Welcome to Jon Swift Roundup 2024 readers! Please feel free to offer any comments or feedback and check out any of my other posts.Two notes: The George Will quote was from his syndicated column for January 2, 1995, and was "'Back to 1900' is a serviceable summation of the conservatives' goal." (For those who don't know, Will is what passes for an intellectual on the right.)
And the "another post" mentioned at the end is here.
In the wake of losing an election, some consideration of why your side lost, that is, doing a postmortem, is an entirely reasonable idea.1
Assuming, that is, the desire is actual analysis and it's done right.
Neither of which we got. No actual analysis and what was done wasn't even done right. So let me start this by laying out my own bias, my own analysis of the "why," admittedly a limited one.
I think the Harris campaign made three significant mistakes. First, she didn't separate herself from Biden on Gaza.2 Doing so would surely have cost her some votes but just as surely gained her a good number more.

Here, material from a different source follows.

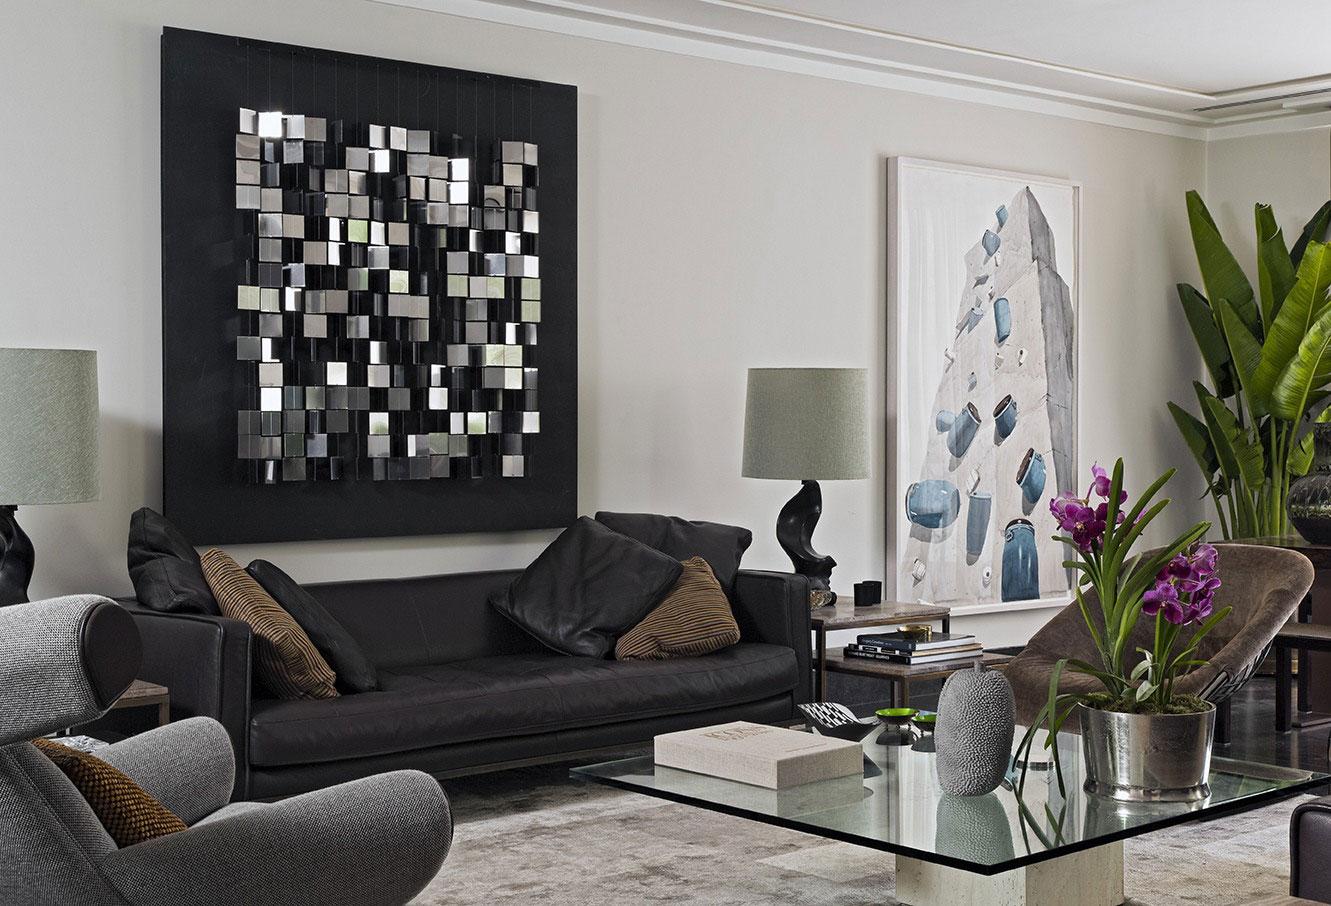 Fullsize Of Ideas For Living Room Decorating

Second, she began with a message of what could be summarized as "hope and the future" only to turn her back on her base, preferring to vainly seek votes among those all but mythical "moderate" GOPpers and the all too real 1% by campaigning with Liz Cheney and Mark Cuban instead of with UAW President Shawn Fain or other labor and progressive leaders.
Third, the last weeks of the campaign revolved almost entirely around "I'm not Trump." (Which was, interestingly, the same mistake made in 2016.) A legitimate stand, particularly in the face of the genuine threat to democracy, but nowhere near adequate standing alone, because people are almost always going to vote on immediate concerns as opposed to future hypotheticals, even likely ones.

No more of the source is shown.